- Venue: Oshawa Sports Centre
- Dates: July 20–25
- Competitors: 8 from 8 nations

Medalists
| Gold medal | Caroline Veyre | Canada |
| Silver medal | Dayana Sánchez | Argentina |
| Bronze medal | Victoria Torres | Mexico |
| Bronze medal | Mirquin Sena | Dominican Republic |

= Boxing at the 2015 Pan American Games – Women's lightweight =

The women's lightweight competition of the boxing events at the 2015 Pan American Games in Toronto, Ontario, Canada, was held between the 20 and 25 of July at the Oshawa Sports Centre. The defending champion is Kiria Tapia of Puerto Rico. Lightweights is limited to those boxers weighing less than or equal to 60 kilograms.

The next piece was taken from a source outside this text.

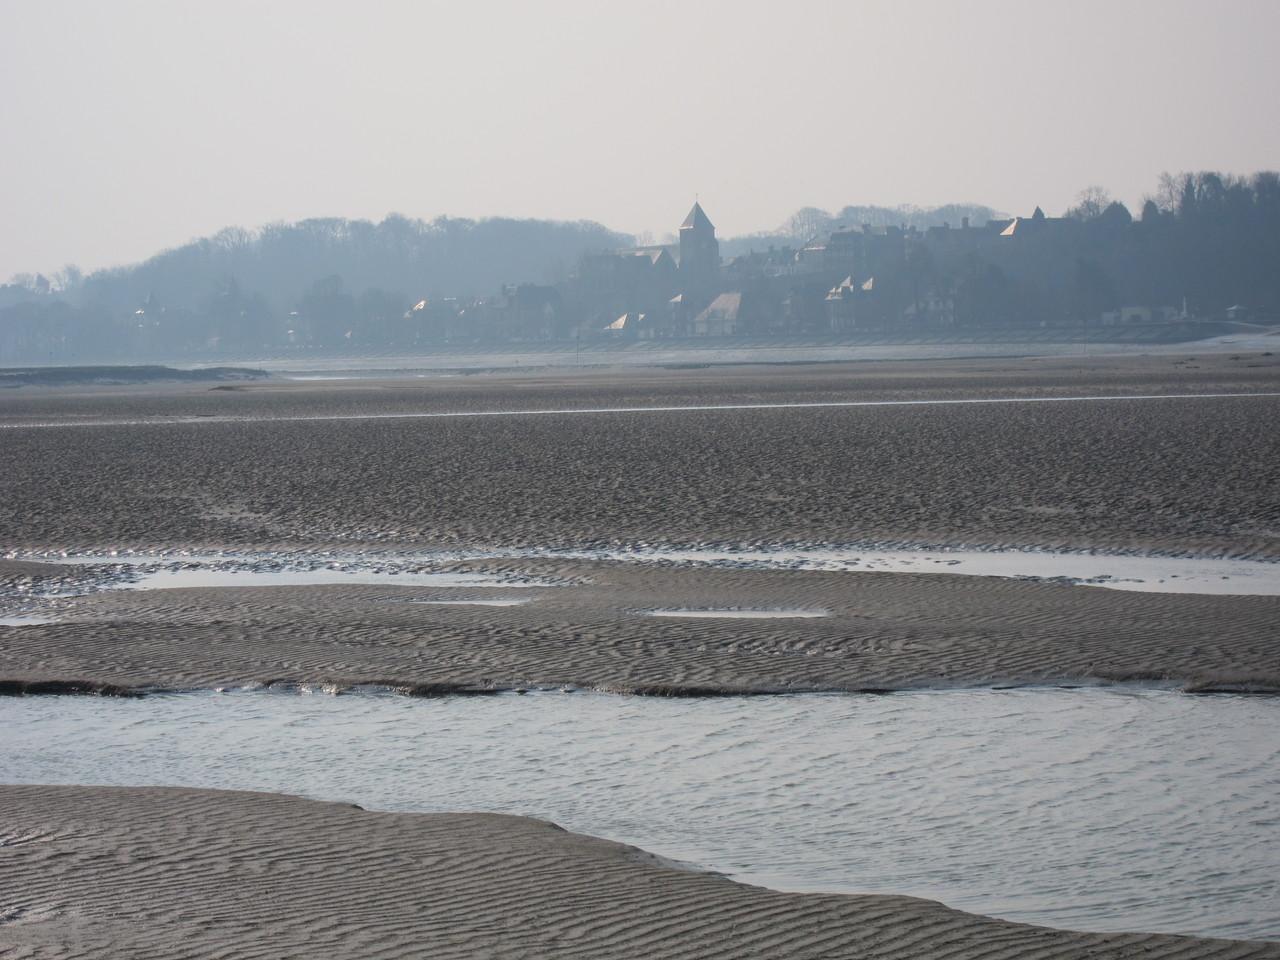 Baie de Somme (Photo Sylvie Cabuy)

Like all Pan American boxing events, the competition is a straight single-elimination tournament. Both semifinal losers are awarded bronze medals, so no boxers compete again after their first loss. Bouts consist of a 3 rounds "10-point must" scoring system used in the pro game, where the winner of each round must be awarded 10 points and the loser a lesser amount. AIBA officials are waiting to see how things go in the men's game before making a decision to take headgear off women fighters. Five judges scored each bout. The winner will be the boxer who scored the most at the end of the match.